No es un caso raro. Es el caso más frecuente que recibo en consulta. Pacientes que toman religiosamente su tratamiento, que confían en su receta, y que se hunden lentamente en un estado de carencias múltiples que nadie busca porque nadie sabe dónde mirar. La paradoja es vertiginosa: tomas un medicamento para curarte, y ese medicamento te priva de los nutrientes necesarios para curarte.
« La medicina nutricional actúa EN COMPLEMENTO y no en oposición al tratamiento médico. » Dra. Anne Lucas, PharmD, curso de Medicamentos y Micronutrientes, DU MAPS 2020[^1]
Esta frase de la Dra. Lucas es la brújula de este artículo. No se trata de tirar tus medicamentos a la basura. Se trata de comprender qué hacen a tu cuerpo más allá de su efecto terapéutico, y de corregir los daños colaterales que nadie te explica. Porque la iatrogenia, esa palabra erudita que designa las enfermedades causadas por los tratamientos médicos mismos, es un problema de salud pública masivo que Francia se rehúsa a mirar de frente.
128 000 hospitalizaciones por año: el silencio de la iatrogenia
Los números son vertiginosos.
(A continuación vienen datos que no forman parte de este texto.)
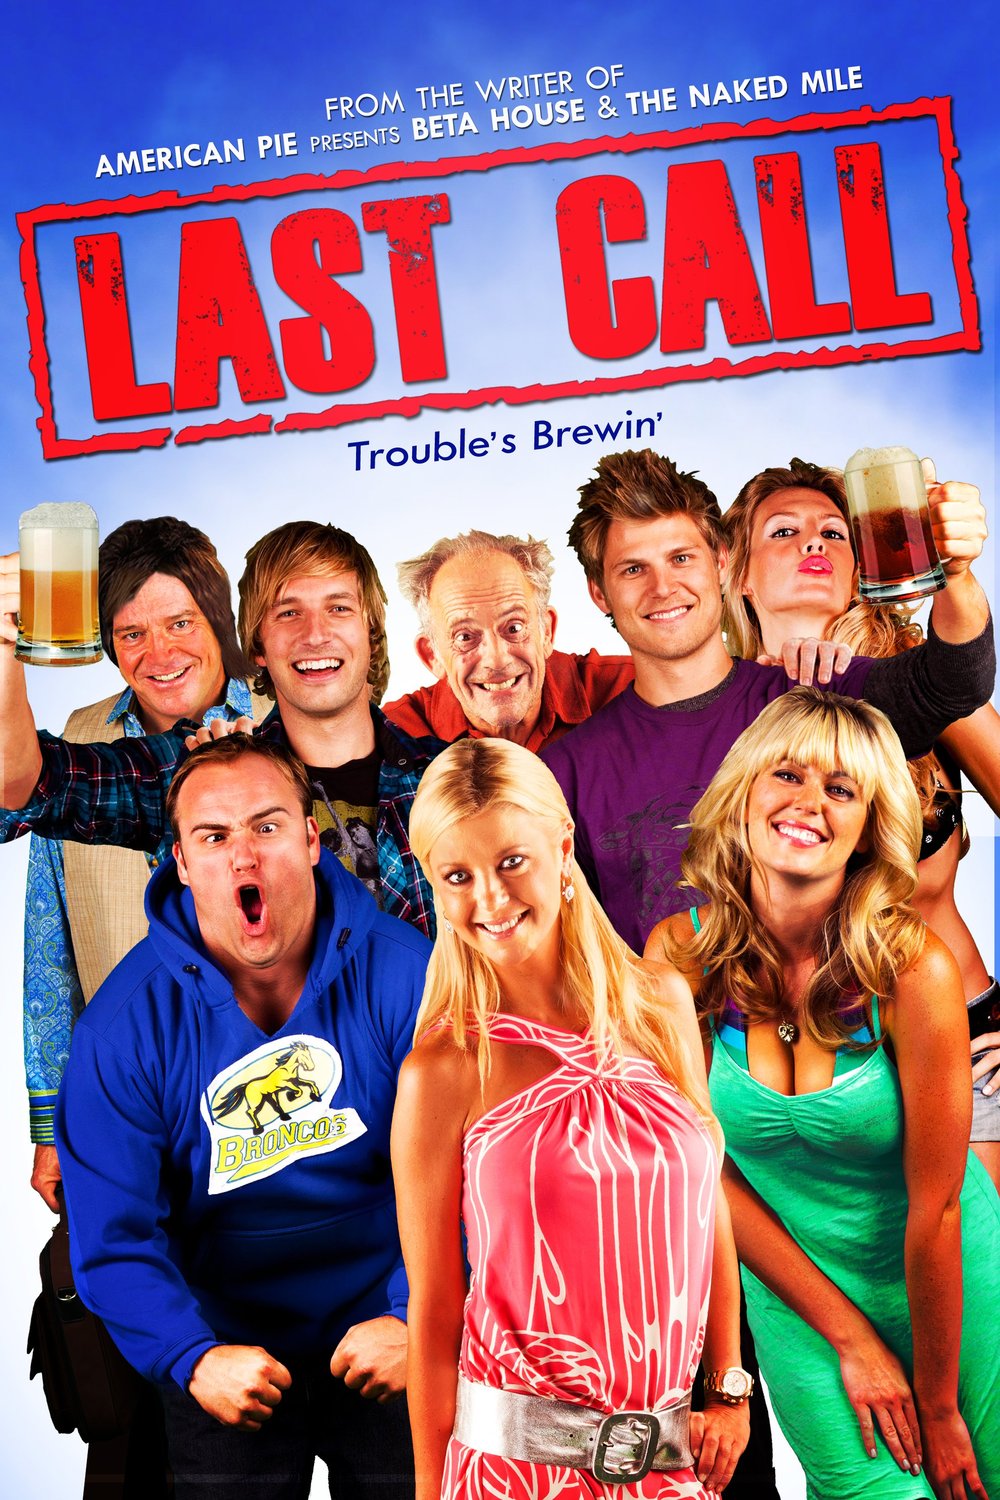 Poster of the movie Last Call

En Francia, la iatrogenia medicamentosa provoca cada año aproximadamente 128 000 hospitalizaciones[^2]. Es más que los accidentes de carretera, más que los cánceres de pulmón, más que los accidentes cerebrovasculares. Y esta cifra solo cuenta los casos lo suficientemente graves para requerir hospitalización. Los efectos adversos de bajo grado, aquellos que se instalan insidiosamente durante meses y años, aquellos que parecen fatiga crónica, envejecimiento prematuro, una depresión que no da su nombre, no se contabilizan en ningún lado.
En 2010, Francia consumía 48 cajas de medicamentos por habitante por año[^3]. Cuarenta y ocho cajas. Cuatro cajas al mes. Del nacimiento a la tumba, somos la nación más medicada de Europa. El ranking de las moléculas más consumidas dibuja un retrato inquietante: paracetamol en primer lugar, seguido de estatinas, inhibidores de la bomba de protones (IBP), antibióticos, antiinflamatorios no esteroideos (AINE), antidepresivos y levotiroxina[^4]. Cada una de estas clases terapéuticas induce carencias específicas en micronutrientes. Y cuando un paciente toma tres o cuatro de estas moléculas simultáneamente, como Natalia, las carencias se acumulan y se potencian.
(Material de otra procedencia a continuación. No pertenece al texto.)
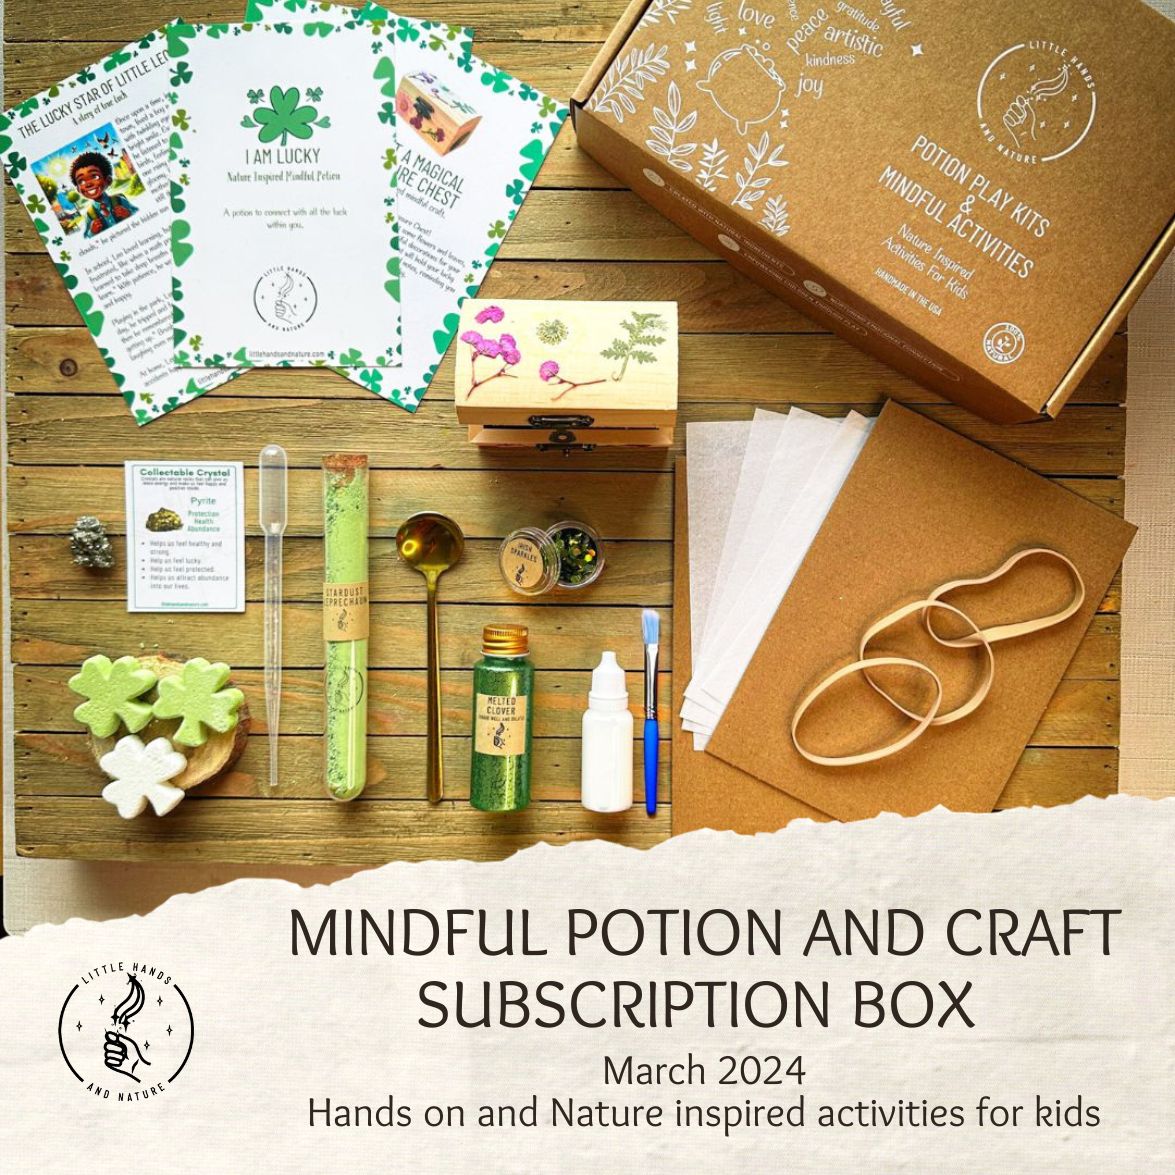 Crafting serenity: Mindful Potion and Craft Subscription Box.

Lo que la Dra. Lucas enseña en el DU MAPS es un curso que cada farmacéutico, cada médico y cada paciente debería conocer. No se trata de demonizar los medicamentos. Se trata de comprender su impacto metabólico real y actuar en consecuencia. En naturopatía, llamamos a esto el causalismo: buscar la causa de la causa. Cuando un paciente cansado toma una estatina, la causa de su fatiga quizás no sea la menopausia, el estrés o la depresión. Quizás sea el agotamiento de CoQ10 que nadie ha medido.
Las estatinas: primer blockbuster, primer depredador de CoQ10
La historia de las estatinas es la historia de un éxito comercial sin precedentes en la industria farmacéutica. Lipitor (atorvastatina) generó 9,5 mil millones de dólares de ingresos en 2011, lo que la convierte en el medicamento más vendido de la historia de la farmacia[^5]. En Francia, casi siete millones de personas toman una estatina diariamente. Y cada día, esos siete millones de personas empobrece silenciosamente sus reservas de coenzima Q10 sin saberlo.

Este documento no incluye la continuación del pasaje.